It’s easy to have fun at Gov. Spitzer’s expense, and to an extent, I too find the impulse to joke about his fall irresistible. But it is not really a laughing matter. There is the fact that, regardless of the political capital he made of it earlier in his career, prostitution is indeed against the law, and the even more important consideration that elected officials in a democracy should not bring the system into disrepute by breaking the law, especially not in such ridiculous and foolish ways.

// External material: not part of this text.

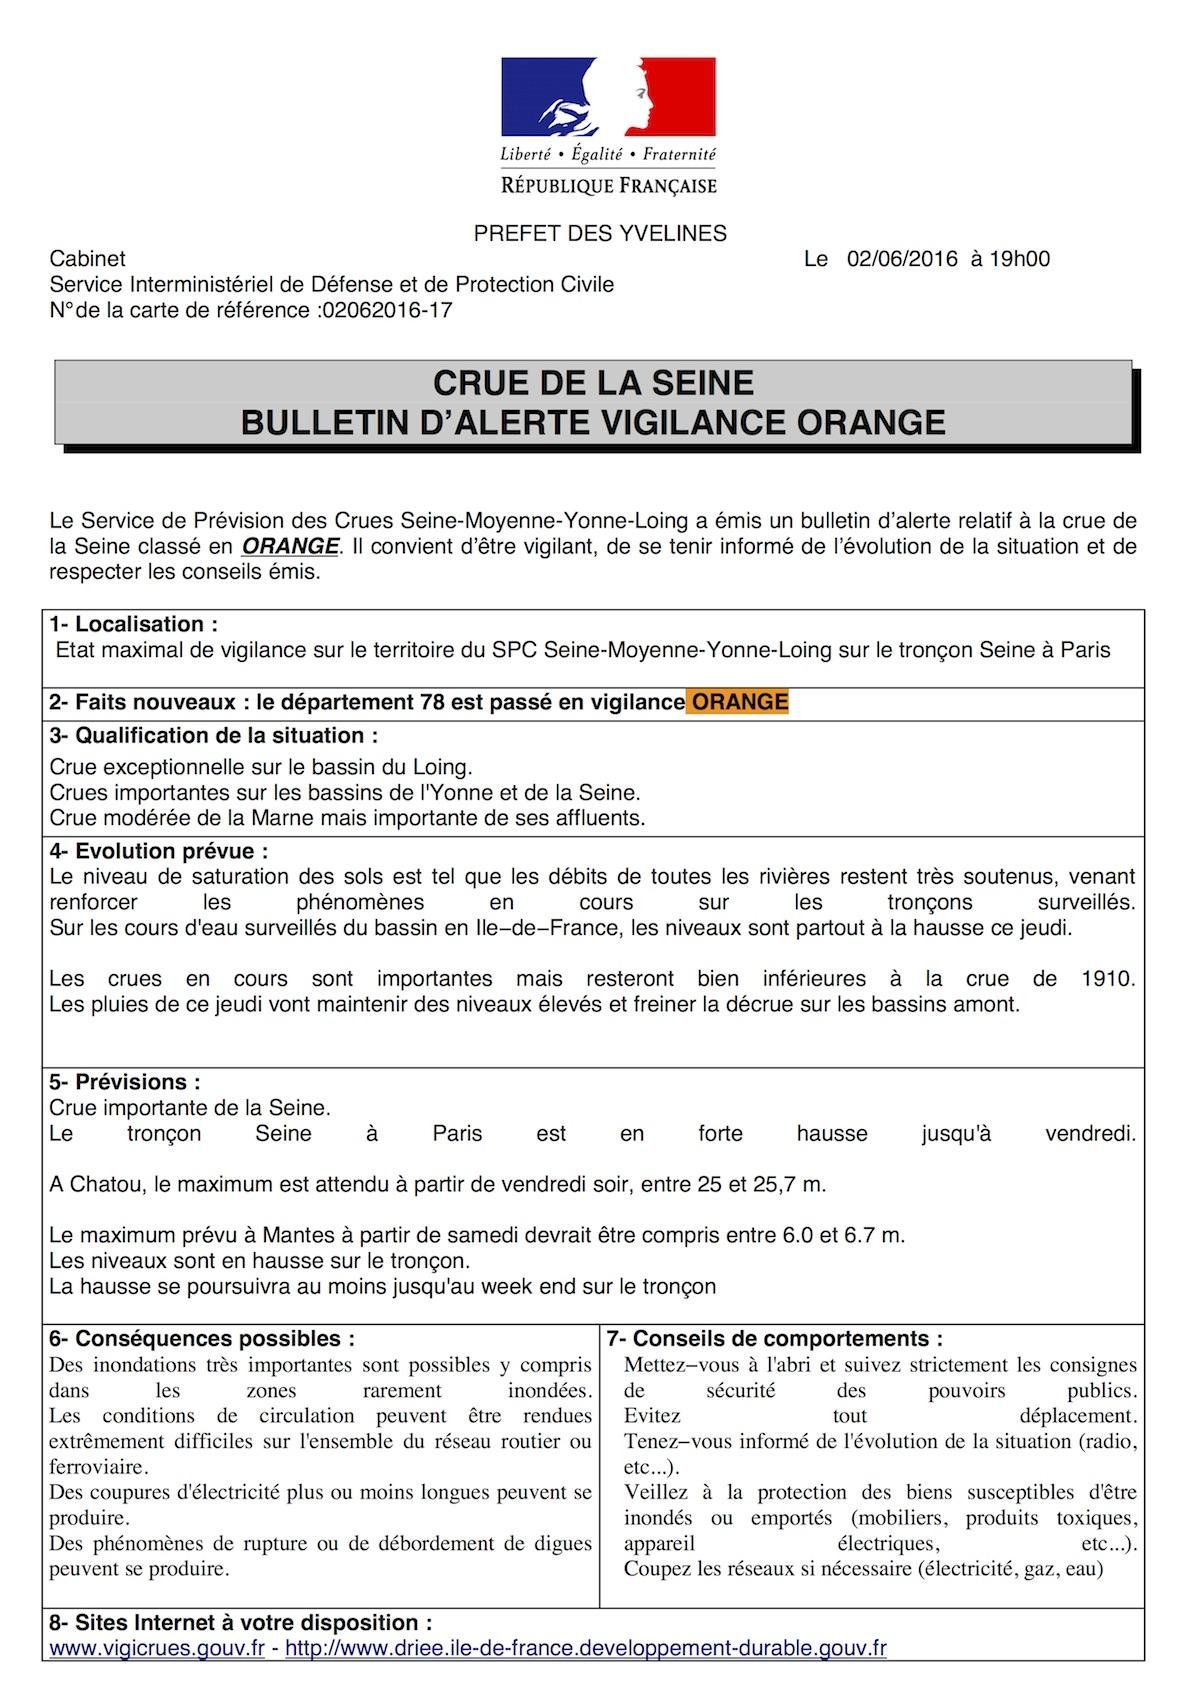 BulletinAlerteOrange02.06.2016 (1)

But what really bothers me is the opening this gives to the left. Not the Democrats, but the cultural left, for whom hypocrisy is the worst of all the sins. Indeed, it is the only sin. The fact that Spitzer crusaded against vice, only to be caught participating in it, merely tells them that the concept of vice is meaningless and anyone who argues that it is valuable to have standards of behavior is only doing so for self-interested reasons.

According to them, no one really believes anything, and nothing anyone does on their own account has the slightest impact on anybody else. It is the theme of John Stuart Mill’s On Liberty taken to its most ridiculous extreme. Minus the reference to Mill, this was the argument being advanced last night on the G4 network’s “X-Play” (they review video games, and I like my Xbox 360), where Spitzer’s criticism of online violence came in for predictable scorn.

What Spitzer’s case proves, of course, is not that standards are valueless: it is that standards are all the more necessary because, as he has amply illustrated, the temptations to behave badly are all too real. They sometimes prove irresistible, but they would be all the more so in the antinomian, atomized world of those who mock him for his hypocrisy.